Orthogonal projection matrix of a matrix with one column sign switched

Question

Suppose that I have a $n \times k$ real matrix with full column rank. Say $k=3$ and I write

$$X = [\mathbf x_1:\mathbf x_2:\mathbf x_3]$$

where lower-case $\mathbf x$'s are $n \times 1$ vectors.

I go on and form the orthogonal projection matrix

$$P_X = X \left(X'X\right)^{-1}X'$$.

Consider now the matrix

$$W = [\mathbf x_1:-\mathbf x_2:\mathbf x_3]$$

Namely it is equal to $X$ matrix, but in (any) one column, the sign of the elements are switched.

Question: Can we express the projection matrix of $W$, $P_W=W \left(W'W\right)^{-1}W'$, in terms of the projection matrix of $X$, $P_X$, or at least state some relation between them?
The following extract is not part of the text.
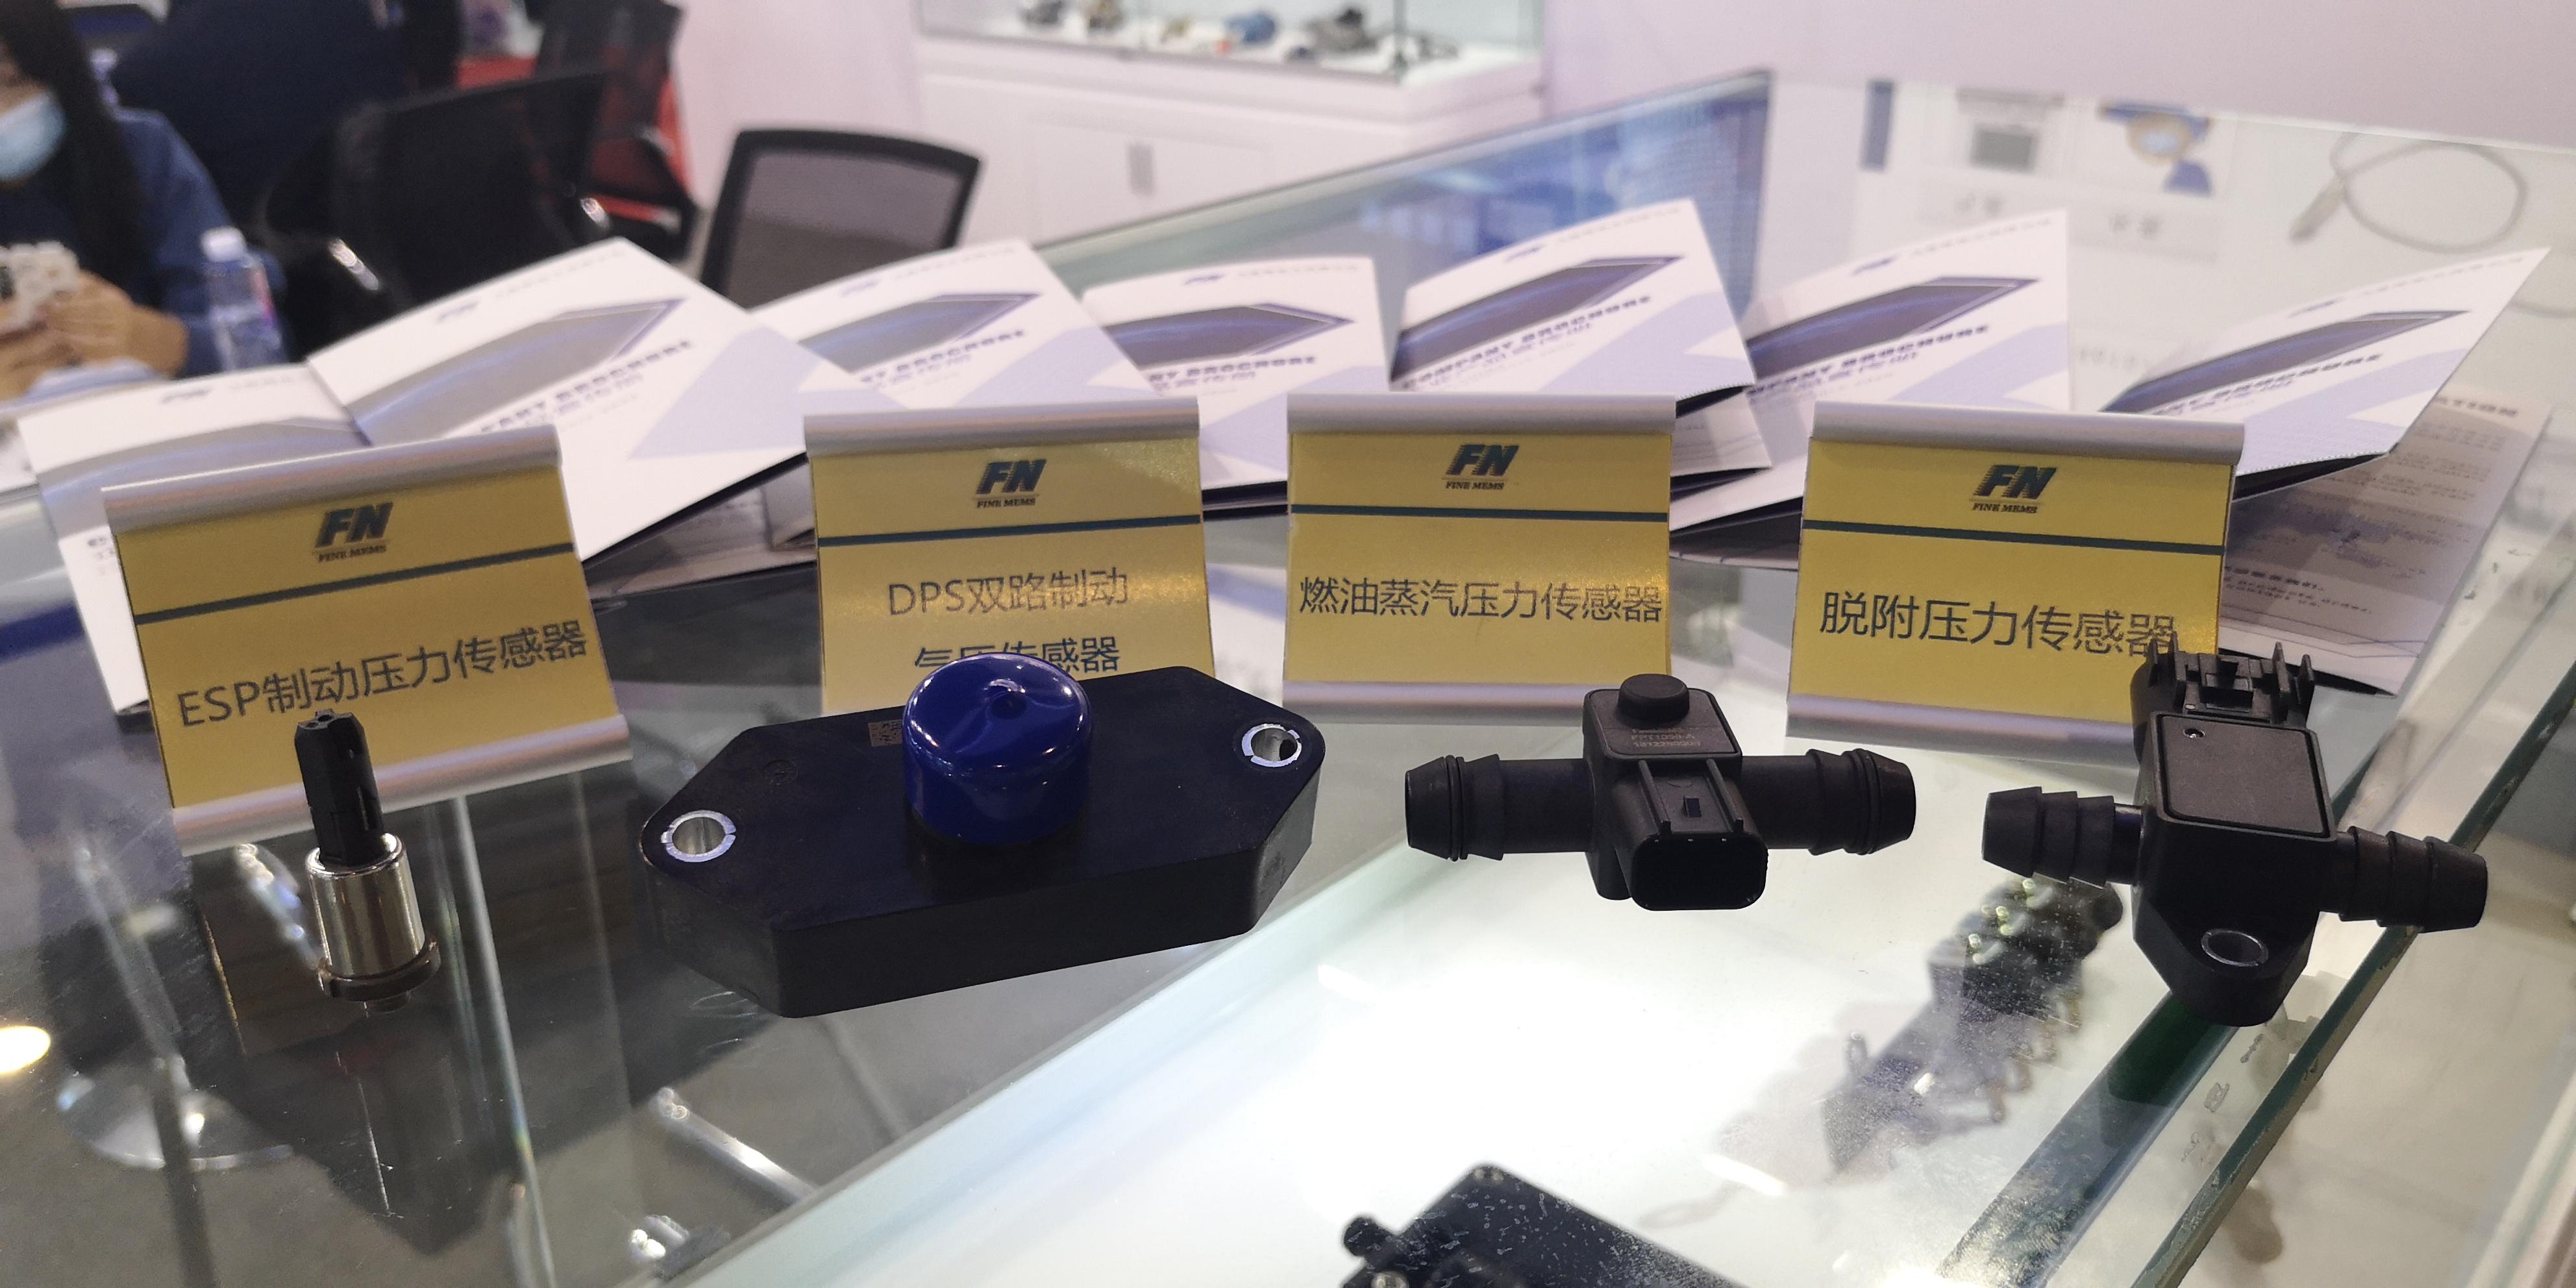 飞恩微电子:压力传感器产品已覆盖汽车整车所有应用

I tried to explore this with what little matrix algebra I know, but could not come up with anything. In reality the $k$ dimension is bigger that $3$ but I guess this does not matter.

Answer 1

We have $P_X = P_W$.

We can show this using matrix algebra by noting that $W = XQ$, where $Q$ is the orthogonal matrix $$ Q = \pmatrix{1&0&0\\0&-1&0\\0&0&1}. $$ With that, we note that $$ \begin{align} P_W &= W(W'W)^{-1}W' = [XQ]([XQ]'[XQ])^{-1}[XQ]' \\ & = XQ[Q' (X'X) Q]^{-1}Q'X \\ & = XQ[Q'(X'X)^{-1}Q]Q'X \\ & = X[QQ'](X'X)^{-1}[QQ']X = X(X'X)^{-1}X = P_X, \end{align} $$ as was desired.

Answer 2

The reason why the matrices are the same is because you are projecting on the same subspace. There is no need for a proof here. Even if you replace your columns by some linear combinations that have the same span, you get the same matrix. They do not have to be independent either.

Answer 3

The projection is defined uniquely by the properties that it is the identity map on the column space of $X$ and zero on the orthogonal complement. The matrix that represents a linear transformation in a given basis (here, the standard basis) is unique, so if you use any other full-rank matrix $Y$ that has the same column space as $X$, you’ll end up with the same projection matrix.